Сизых поясняет мне:
— Это он и есть, Серега, значит. — И оборачивается к Федору: — А ты форменный дурень, никакой в тебе сознательности нет. Целый день вот так бы и стучал.
— И еще б бутылка, — с насмешливой мечтательностью говорит Федор.
— Утонешь скоро в бутылке.
— И вытрезвитель нынче подорожал, — язвительно добавляет кто-то. — Одни неприятности от него.
— А уж Катька твоя точно уйдет, — говорит Серега и хлопает Федора по плечу, — прошлый раз еще грозила, когда за зарплатой пришла, помнишь?
— Предложу вакансию, — подхватывает другой парень. — Такой бабе пропадать никак нельзя.
Видно, Федька пользуется дурной репутацией и дружков у него тут нет.

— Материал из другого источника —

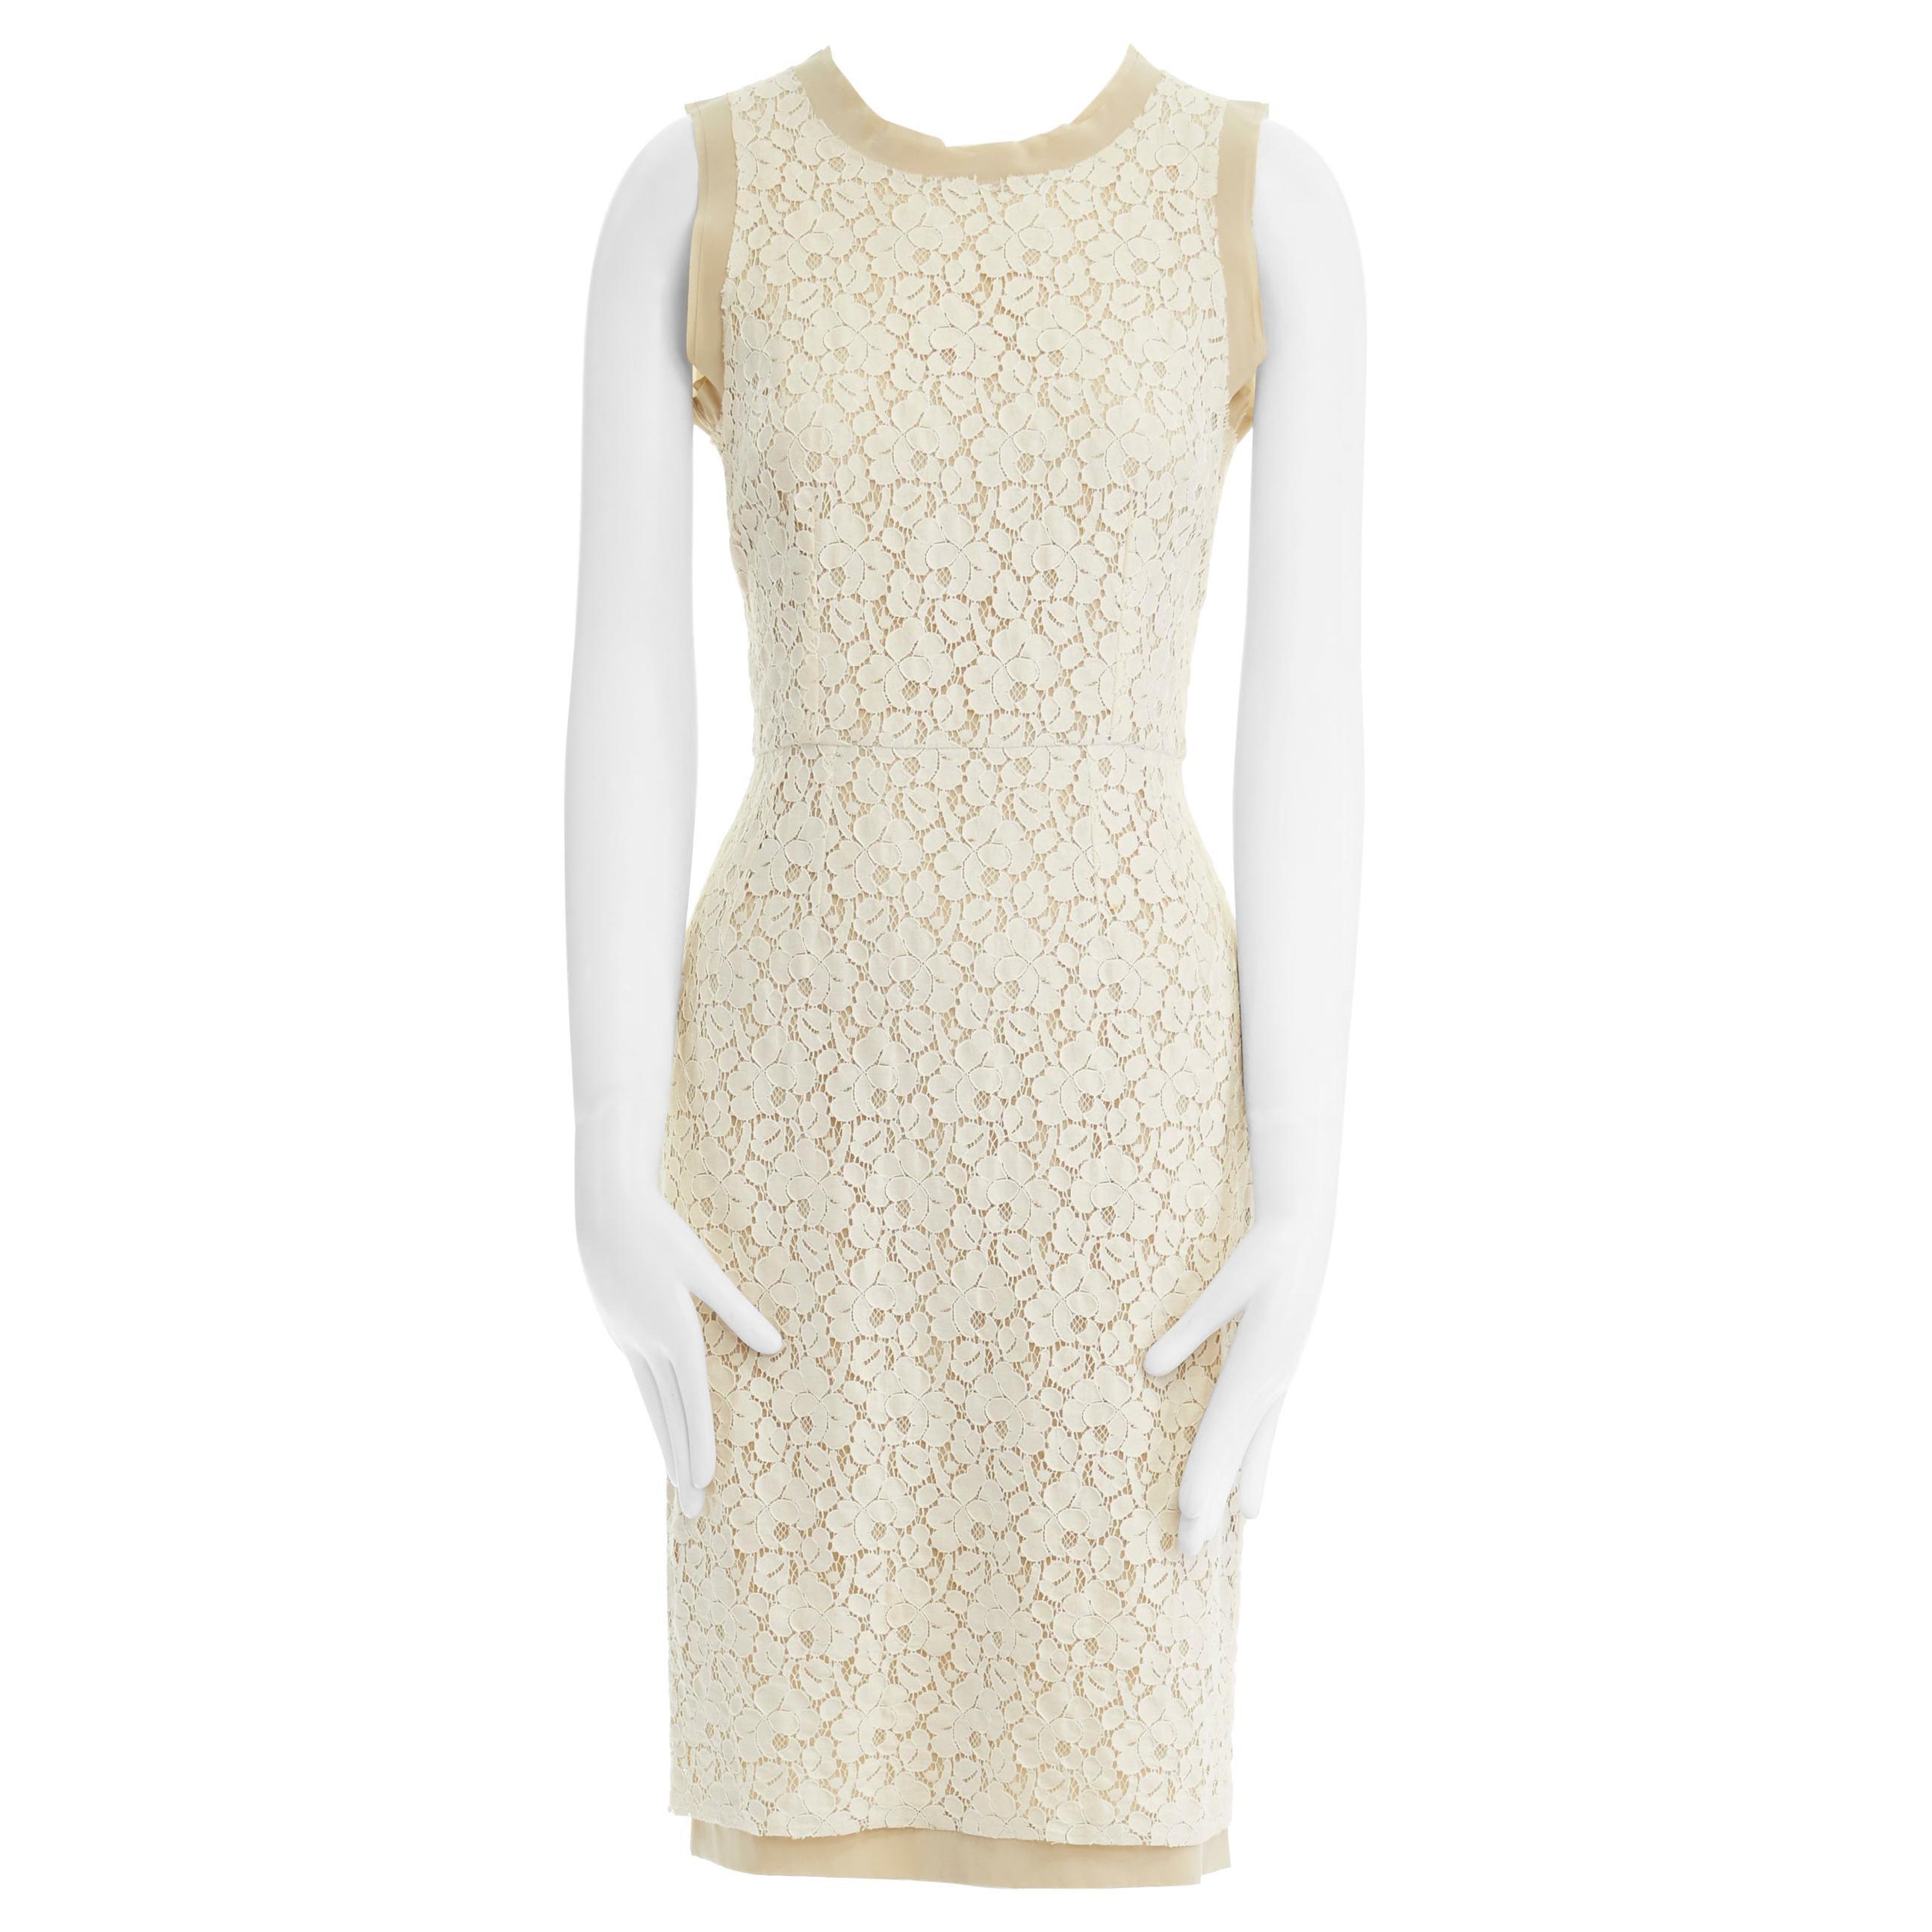 DOLCE GABBANA cream floral lace silk trim sleeveless cocktail dress IT38 XS

Мы с Серегой выходим из вагончика, минуем ворота и направляемся к котловану. На этот раз мы не забираемся на высокий земляной отвал, а огибаем его и добираемся до пологого, выложенного неровными бетонными плитами спуска. Идти трудно, ноги разъезжаются в жидкой грязи из снега, воды и глины. В самом котловане к этому прибавляется еще и битый кирпич.
Сергей уверенно пробирается среди наваленных бетонных плит, огибает грузно осевший, словно уснувший кран и в дальнем конце котлована подводит меня к груде кирпича.
— Вот тут мы ее и нашли, — говорит Сергей и смотрит на меня веселыми и любопытными глазами, двумя серыми плошками, освещающими узкое, совсем мальчишечье лицо с нежным золотистым пушком на щеках.
Я внимательно оглядываю место, указанное мне Сергеем. Далековато, однако, оказалась эта сумочка от своей хозяйки. Совершенно очевидно, что при падении девушки в котлован сумка не могла отлететь сюда, для этого ей надо было, кроме всего прочего, перепрыгнуть по пути через кран. Следовательно, кто-то ее сюда забросил, специально забросил, подальше от трупа. А Точнее даже, не забросил, а запрятал, вон туда, в щель между кирпичами. Но при этом оставил в сумочке паспорт, профсоюзный билет, всякие женские пустяки вроде пудреницы и губной помады и даже кошелек, а в нем какая-то Мелочь. Тем самым как будто бы подтверждается версия убийства, а также и тот факт, что ограбления тут не было. И все же полной уверенности у меня по-прежнему нет.
— Скажи, Сергей, ты позавчера был на работе?
— Позавчера? Это, значит, во вторник? Был, конечно.
— Помнишь этот день?
— А чего его помнить? День как день.
— Ну да, — смеюсь я. — Кран сломан, раствора нет. Можно весь день в домино стучать.
— К вашему сведению, я этими глупостями не занимаюсь, — сухо отрезает Сергей. — У меня других дел хватает.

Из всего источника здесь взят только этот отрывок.